Each recipe called for a different brine composed primarily of vinegar (diverse types), water, salt, sugar, plus a variety of spices and flavoring. The range of pickles you can make is as large as the harvest and as broad as your imagination, it seems. A teaspoon and a half of coffee beans were the secret ingredient in the Pickled Coffee Beets. Pickled Chai Grapes called for chai tea bags. Bourbon Pickled Jalapeños required, well, booze! Only one of the seven jars of pickled produce we took home with us--Chow Chow, a mix of corn, onion and red bell peppers--was canned using the water-bath method, and it could have been done without. Most of the quick pickles can be stored for about a month, while the water-bath-canned ones keep for much longer.

It's not as hard as it sounds, said Mr. Pickles, and as for everybody's number one worry, botulism, not a concern with quick pickles, as they're under refrigeration. Having the proper acidity of pH level is particularly important with water-bath canning, he said, which is a good reason to follow the recipe, at least when it comes to the type and quantity of vinegar you use.

Probably the biggest misconception about pickling is that you have to water-bath can, Chef Starling observed as the class came to a close (with an Irish whiskey and pickle-juice chaser!). "Pickling is fun and easy to do," she said. "Feel free to play around."

As for me, my next adventure will undoubtedly be trying to figure out recipes for foods that use up or go well with seven cans of pickles!
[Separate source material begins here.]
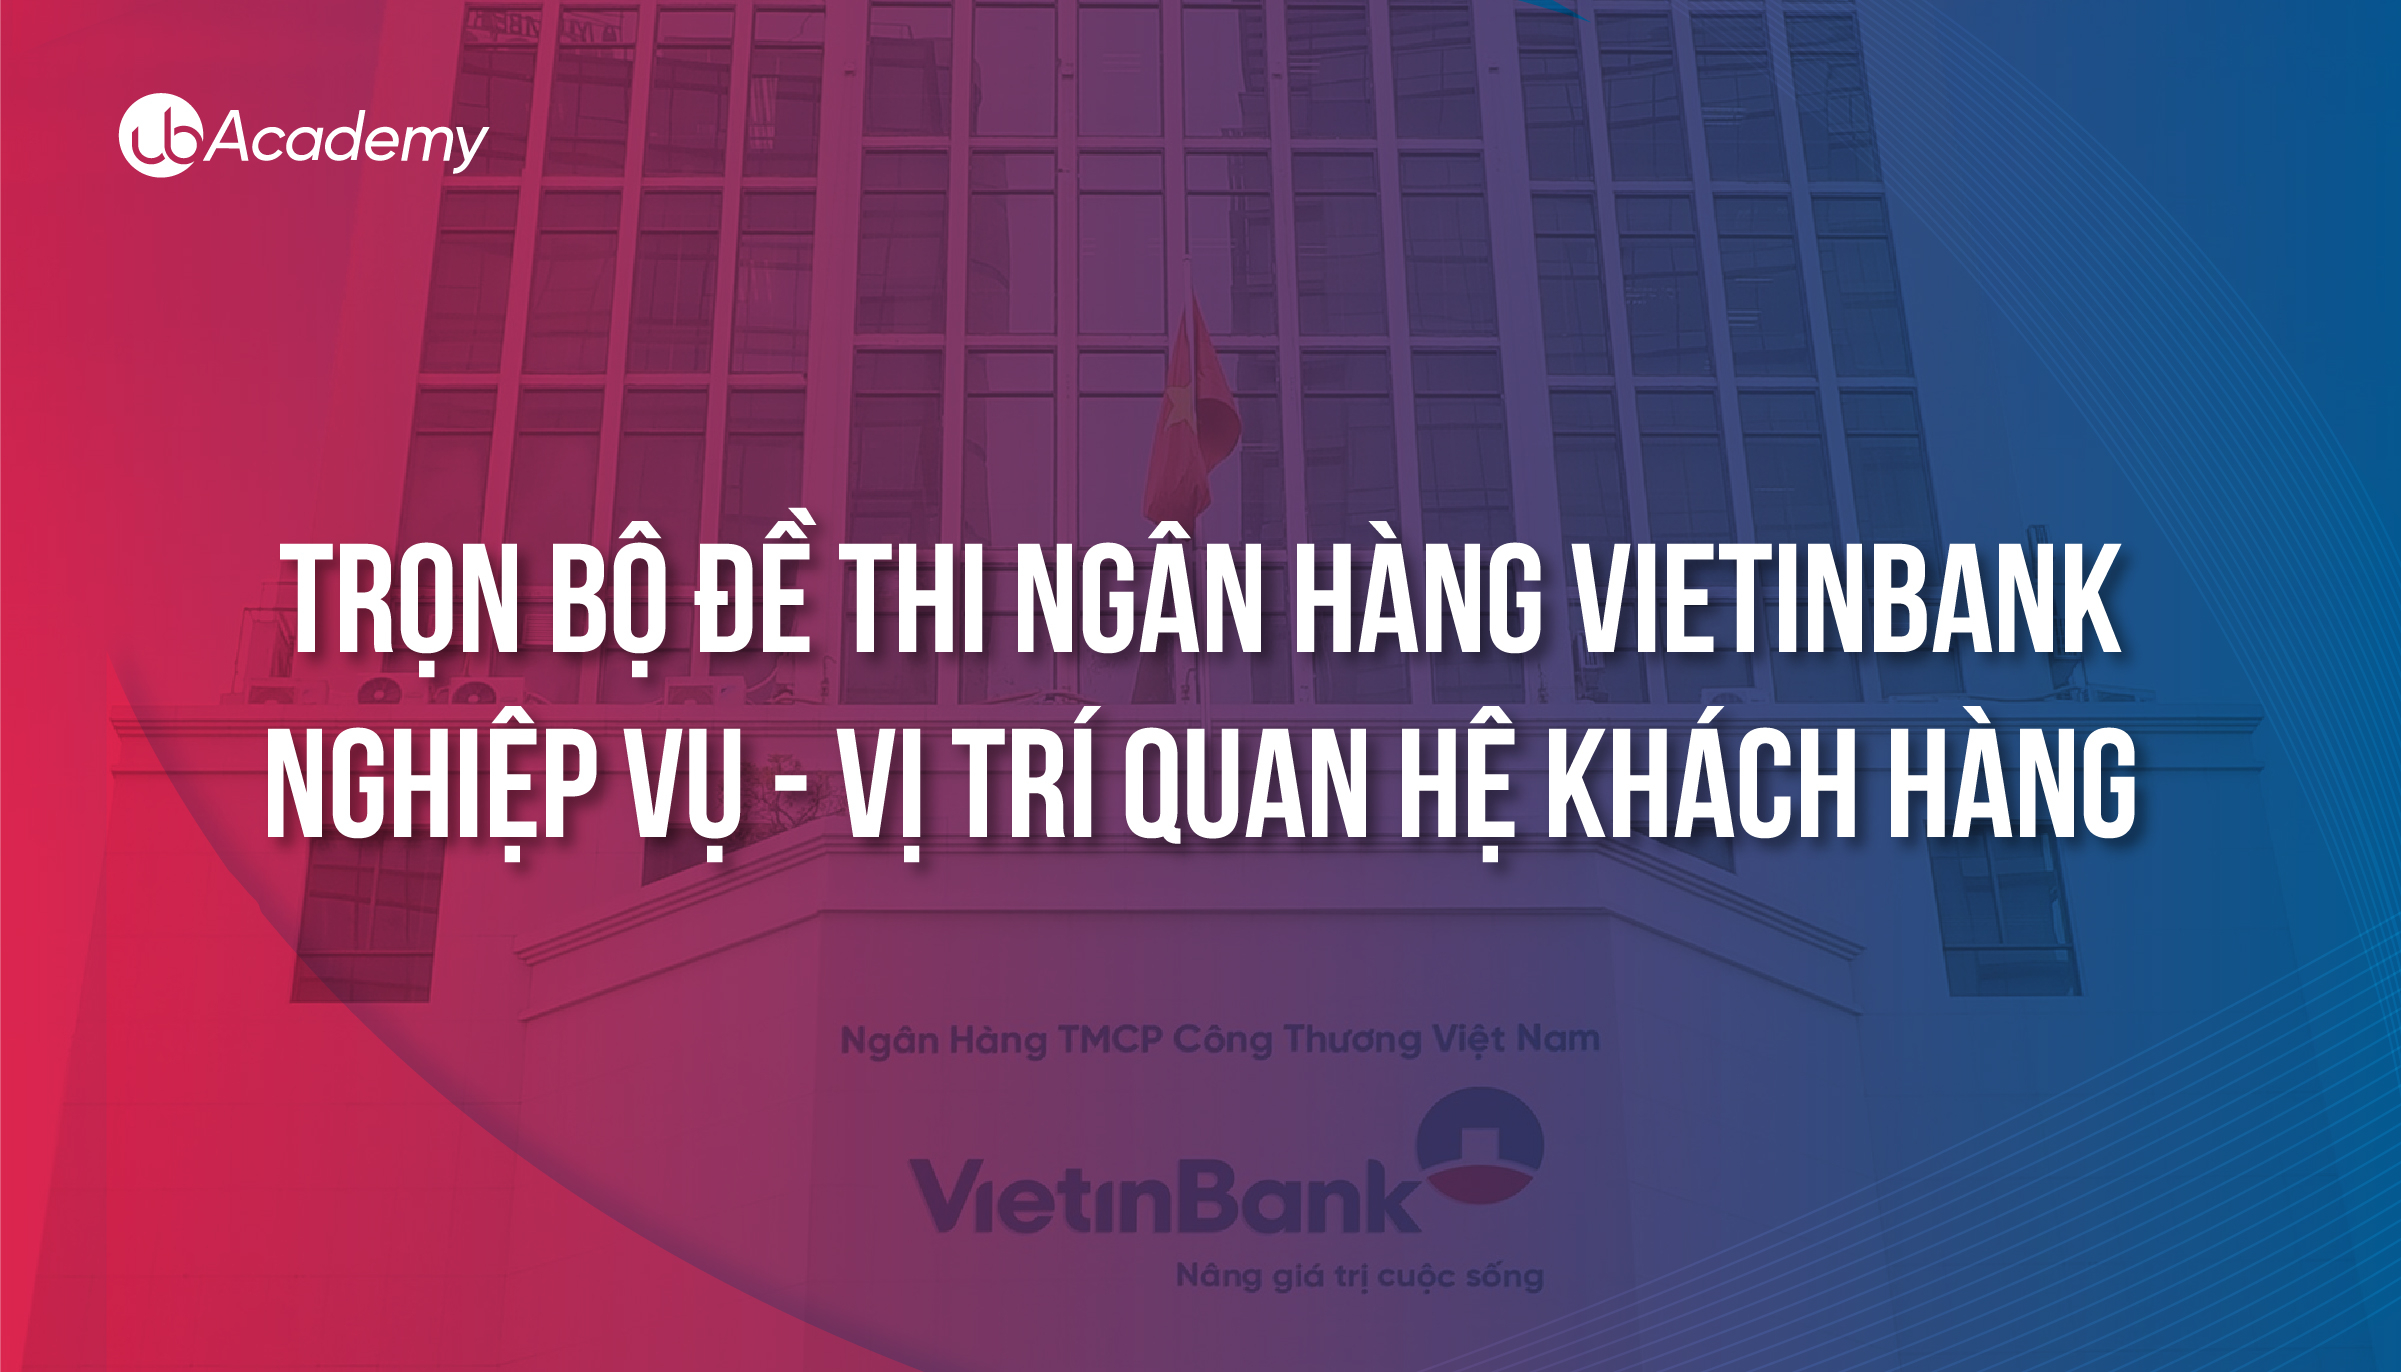 Trọn bộ đề thi Ngân hàng VietinBank  - Nghiệp vụ - Quan hệ Khách hàng

Any ideas?




Two Pickle Recipes


Following are recipes for refrigerator Bread and Butter Pickles and Pickled Chai Grapes, which were among my favorites of those we sampled. The recipes we received don't specify quantities or container types. In the class, we filled to the line just below where the lids screw down on the Ball canning jars. Glass or hard-plastic containers with lids would work at home for refrigerator pickles.


Bread and Butter Pickles



5 pounds pickling cucumbers in quarter-inch slices
1 pound onions, thinly sliced (preferably a sweet onion, like Vidalia or Walla Walla)
1/2 cup kosher salt

Brine Ingredients:

4 cups white vinegar
2 cups water
1 cup sugar
1 tablespoon black mustard seeds
1 tablespoon yellow mustard seeds
1 tablespoon black peppercorns
1 tablespoon celery seed
1 tablespoon turmeric
1 tablespoon kosher salt


Toss the cucumbers and onions with the 1/2 cup kosher salt. Cover with ice and let sit for 2 hours. Rinse and drain. Set aside.
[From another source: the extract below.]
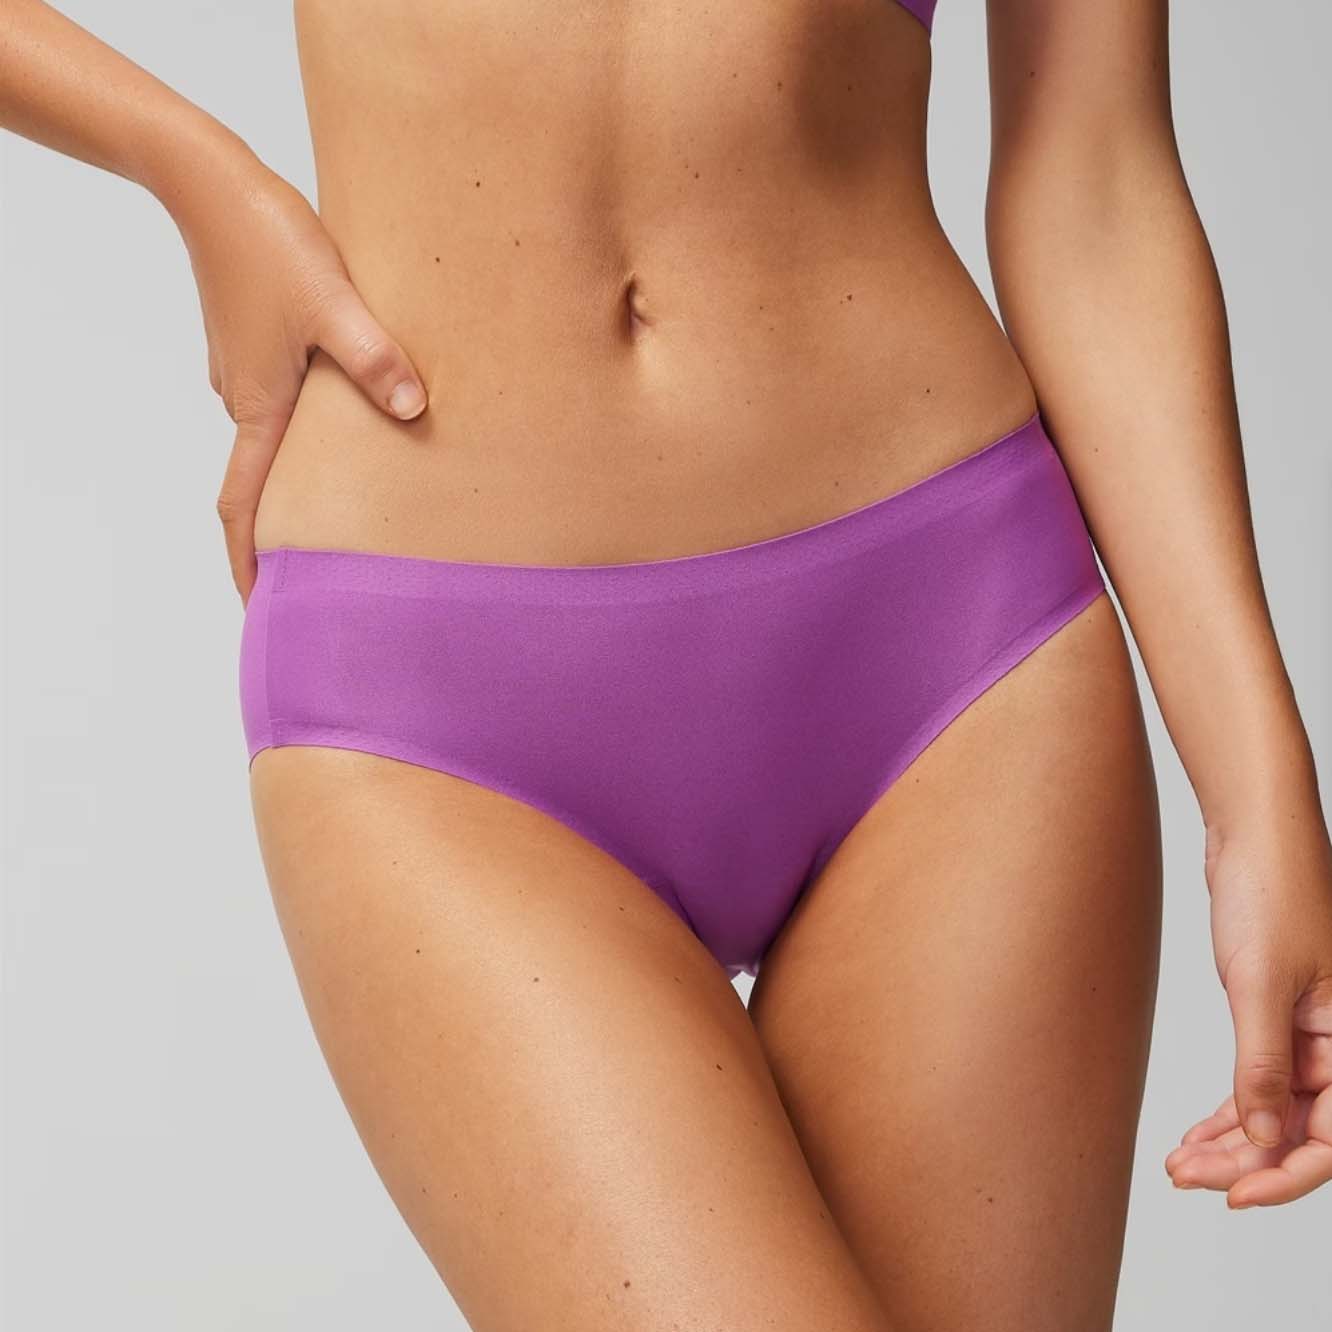 Woman wearing purple underwear

Combine the ingredients for the brine and bring to a boil. Pour over the cucumbers and onions. Ladle into jars or store in other sturdy covered containers in the refrigerator. The pickles will keep for up to one month.

Pickled Chai Grapes*


3 pounds red seedless grapes, sliced in half
Cinnamon sticks (we used one per jar)
3 chai tea bags (we used one per jar)

Brine ingredients:

2 cups champagne vinegar
Pickled grapes, tomatoes and cukes
1 cup water
2 cups sugar
1 teaspoon kosher salt

Put halved grapes into a container with a cinnamon stick, packing with a enough space for liquid to surround the fruit.

Combine the brine ingredients and bring to a boil. Pour over the grapes and add the tea bags in jars or other covered containers. Let sit in the refrigerator for 2 days, then remove the tea bags. Grapes will be ready in 4 days and will hold for three weeks in the refrigerator, but don't forget to remove the tea bags!

*Mr. Pickles said the recipe would also work well with another fruit, such as cherries, perhaps using a different spice and tea flavor.